WHAT YOU WILL DO:
An exact, picture-free copy of the listing is required.

PROVIDED MATERIAL:
----

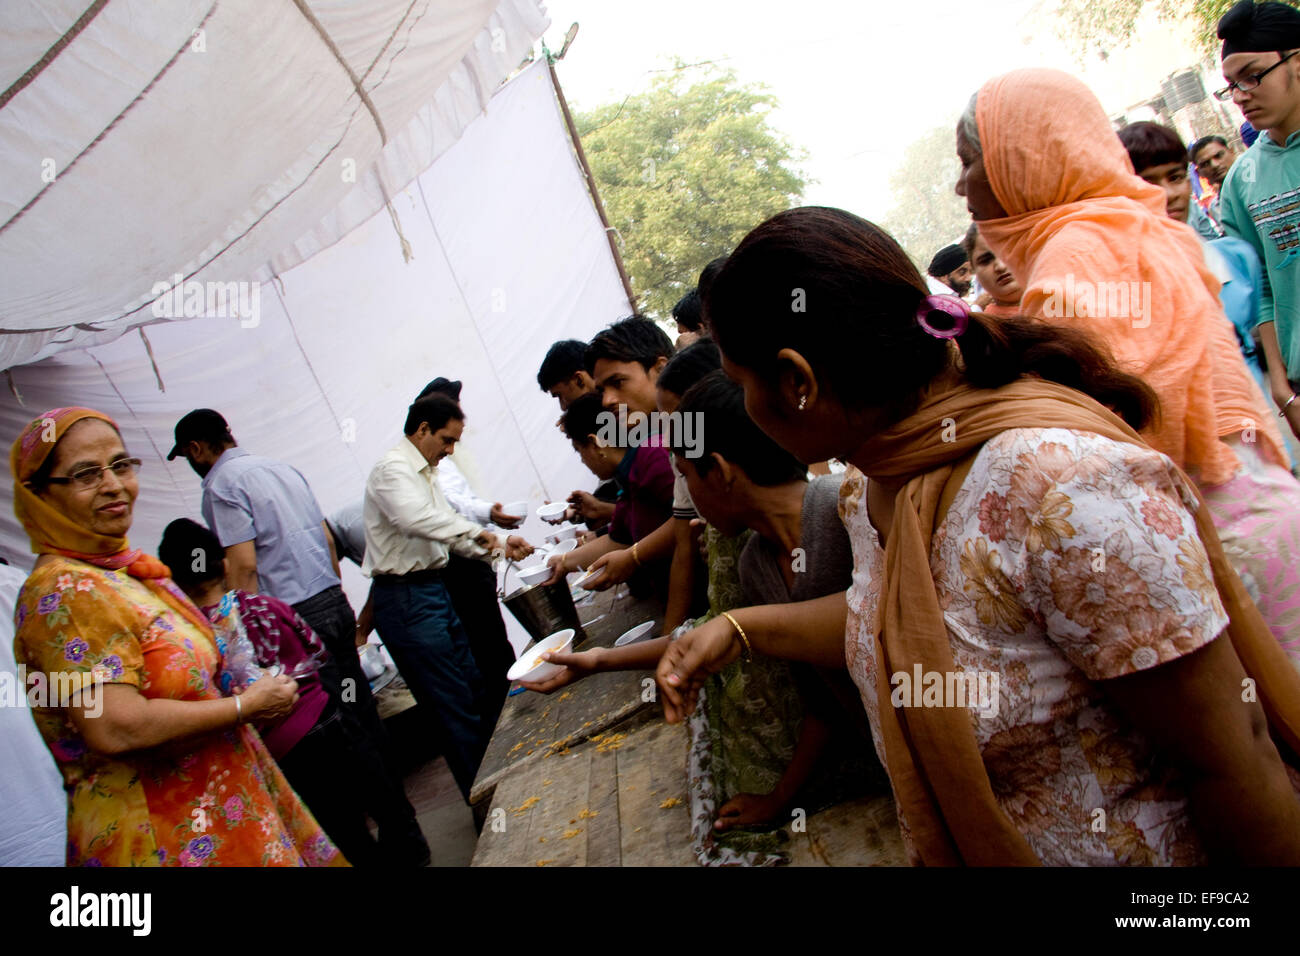 New Delhi, India - November 19, 2011: Sikh people celebrating Guru Nanak birth with a street parade and food distribution Stock Photo
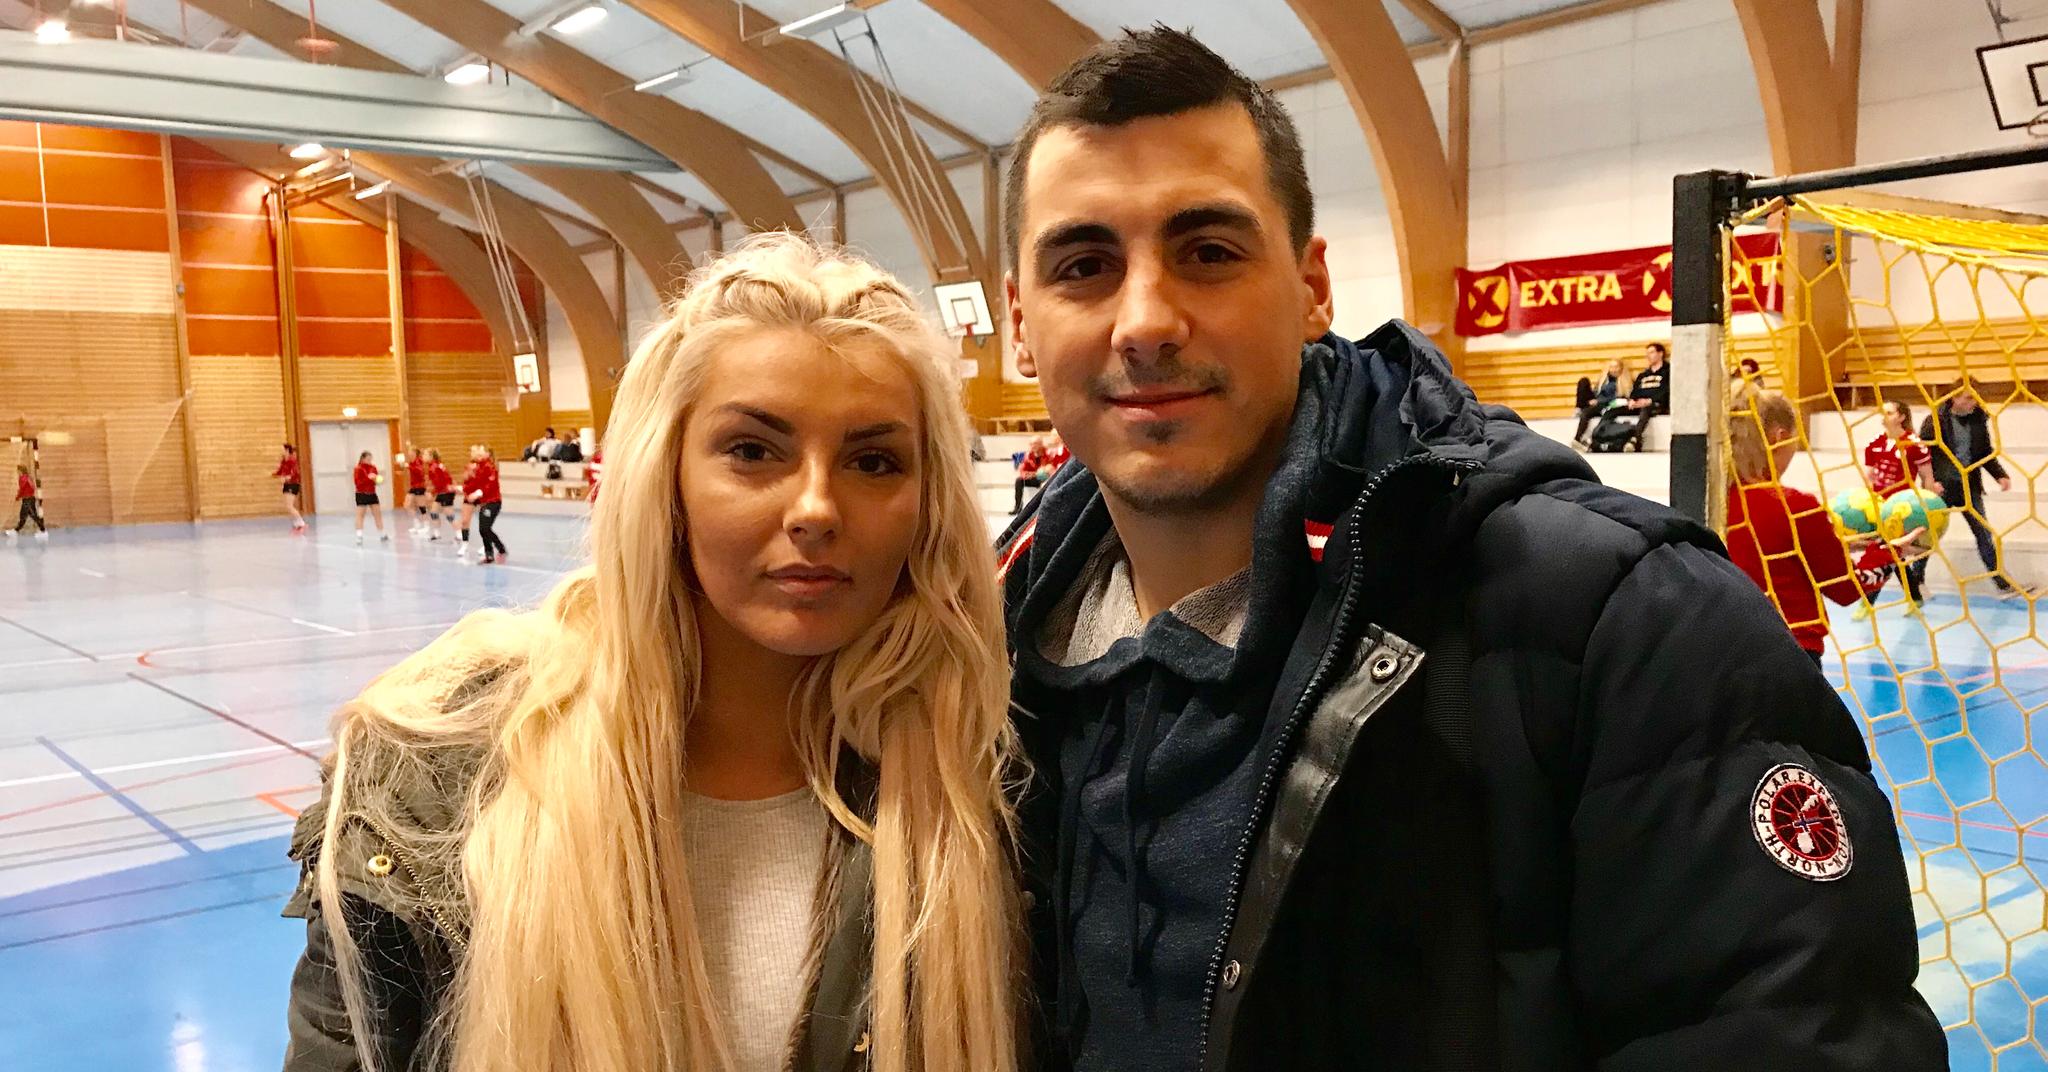 Domagoj Ferencina og kjæresten Petra Lena Kovac stortrives i Tromsø. 
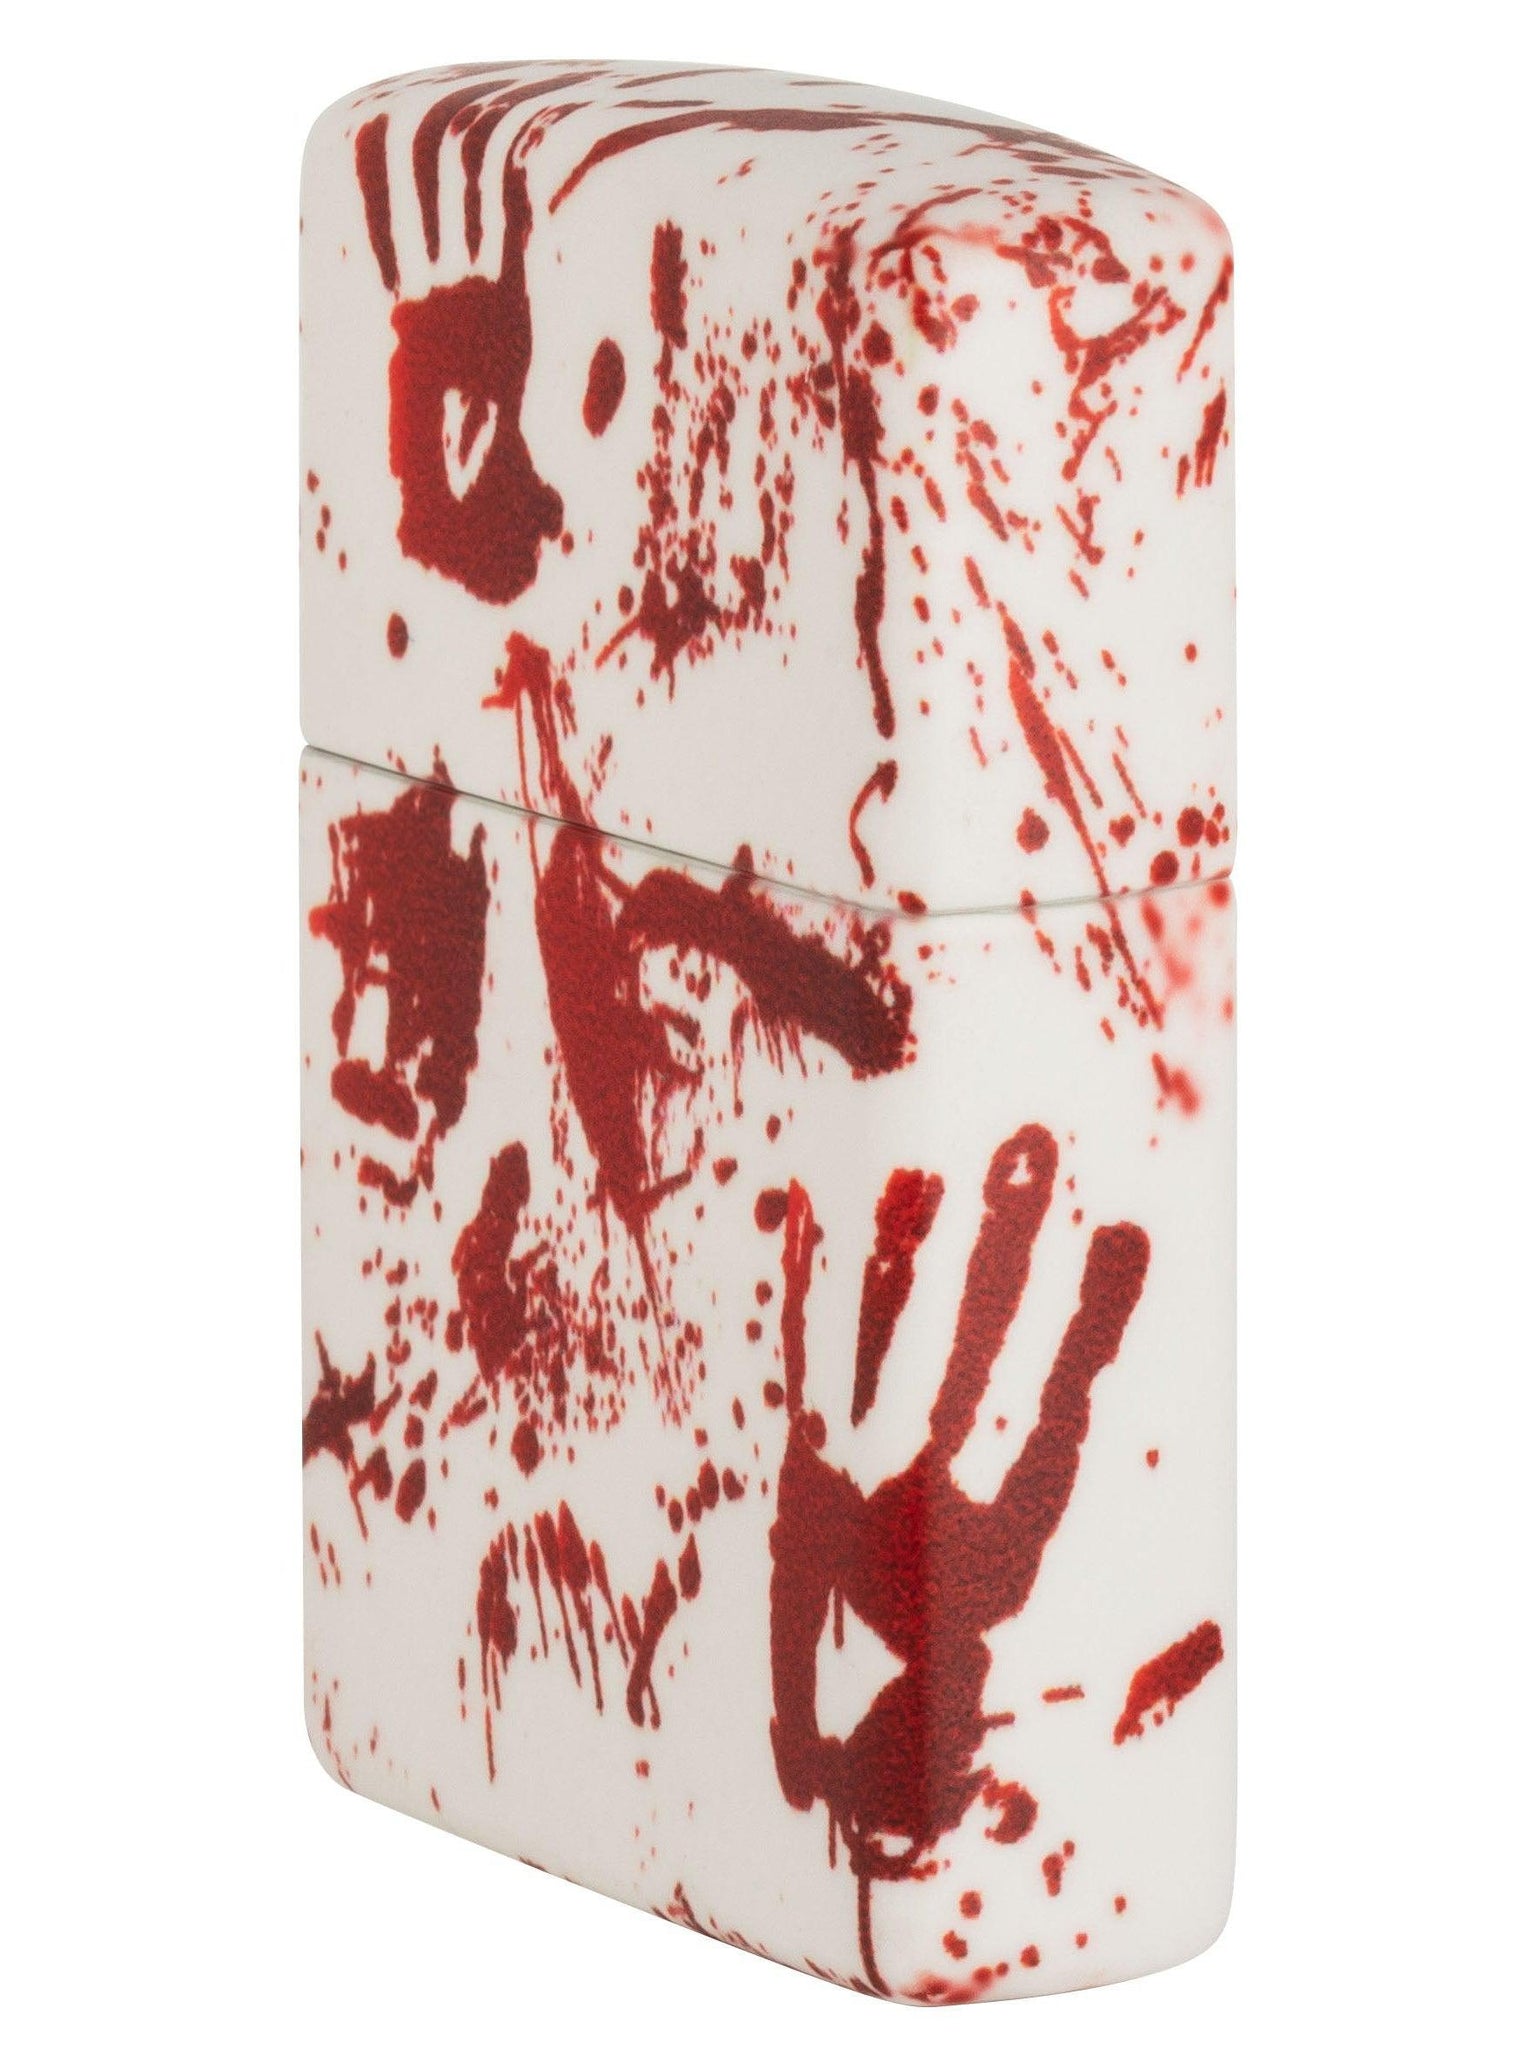 Zippo Lighter: Bloody Hand Prints, 540 Color - Matte 49808

----

EXERCISE ANSWER:
 New Delhi, India - November 19, 2011: Sikh people celebrating Guru Nanak birth with a street parade and food distribution Stock Photo
 Domagoj Ferencina og kjæresten Petra Lena Kovac stortrives i Tromsø. 
 Zippo Lighter: Bloody Hand Prints, 540 Color - Matte 49808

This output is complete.